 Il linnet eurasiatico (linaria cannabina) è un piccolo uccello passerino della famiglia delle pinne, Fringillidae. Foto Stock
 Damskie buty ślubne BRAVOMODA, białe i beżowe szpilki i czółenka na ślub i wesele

- - - - - - -

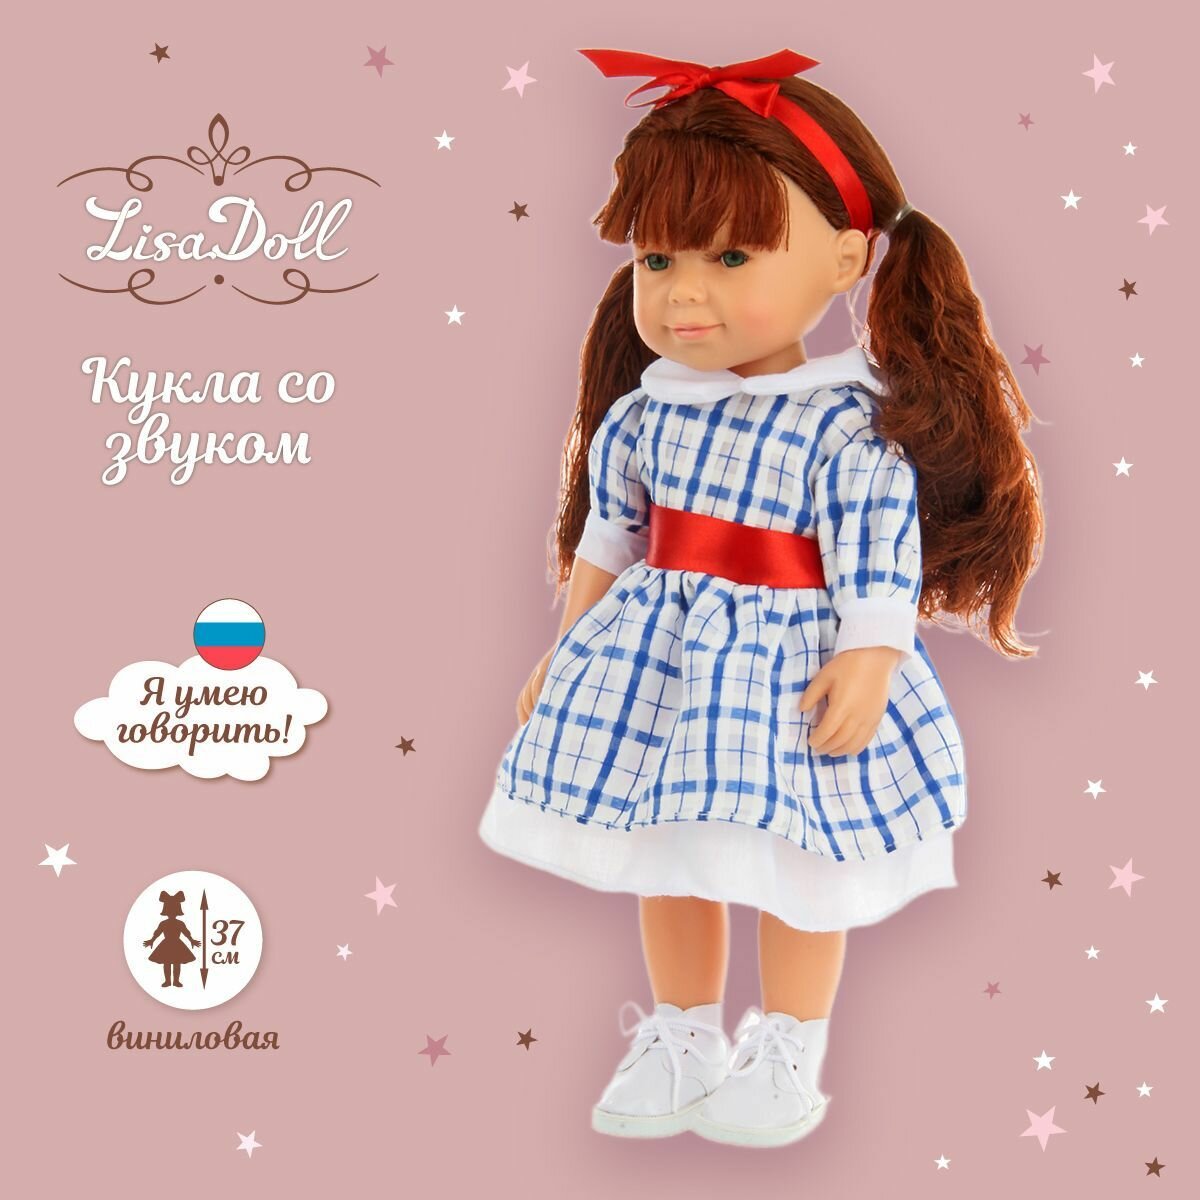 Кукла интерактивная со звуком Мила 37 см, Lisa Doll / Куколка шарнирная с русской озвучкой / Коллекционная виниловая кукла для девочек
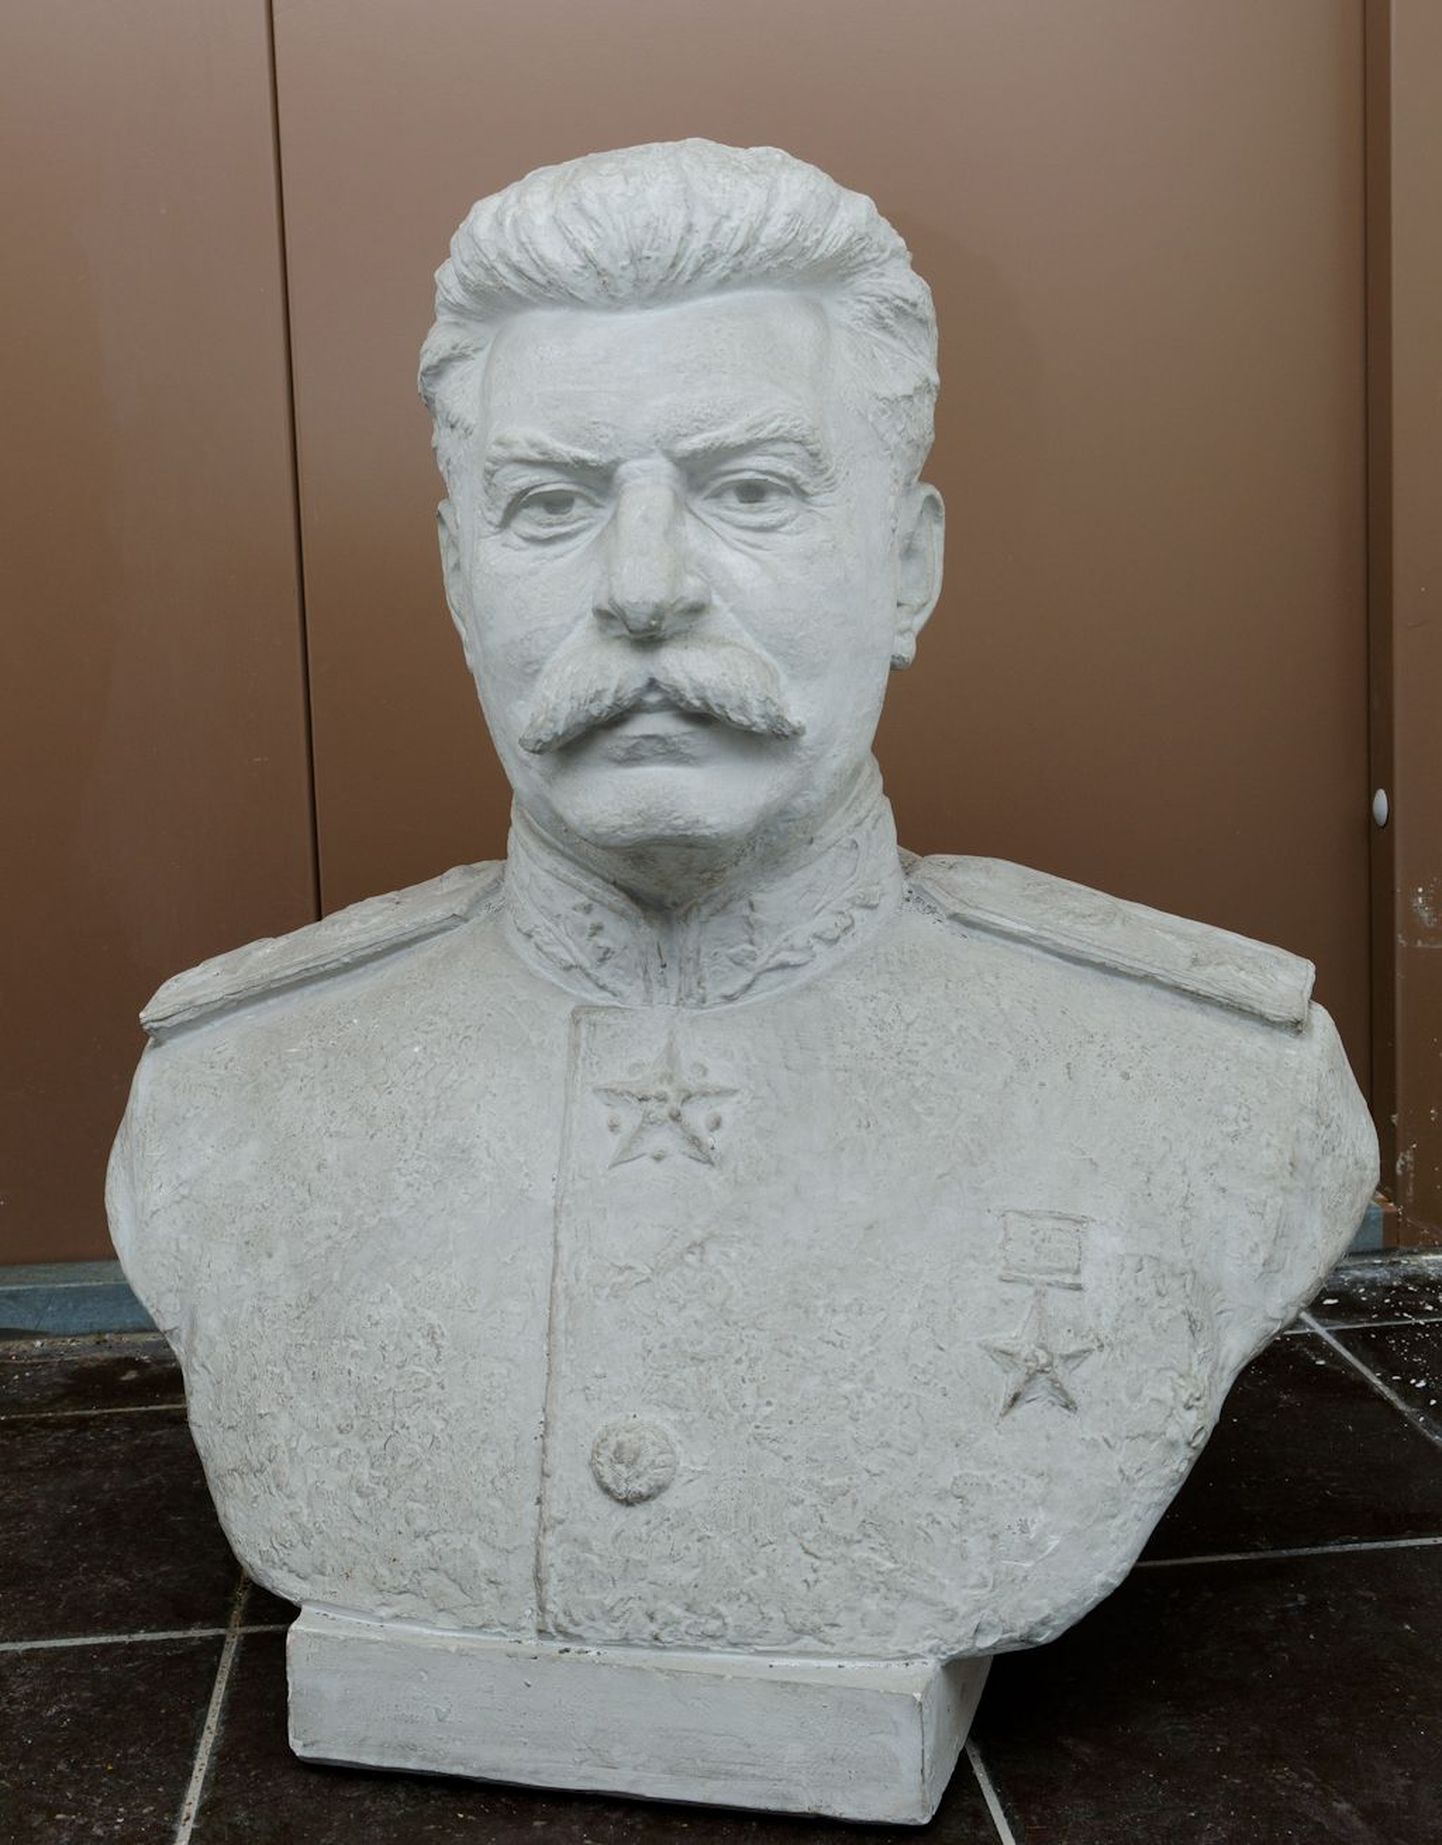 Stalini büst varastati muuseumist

- - - - - - -

→ YOUR GOAL
Above this task is a listing. Restate, word for word and with nothing added, the lines from the one with "Il linnet eurasiatico" through the one with "Damskie buty ślubne".

→ ANSWER SECTION
 Il linnet eurasiatico (linaria cannabina) è un piccolo uccello passerino della famiglia delle pinne, Fringillidae. Foto Stock
 Damskie buty ślubne BRAVOMODA, białe i beżowe szpilki i czółenka na ślub i wesele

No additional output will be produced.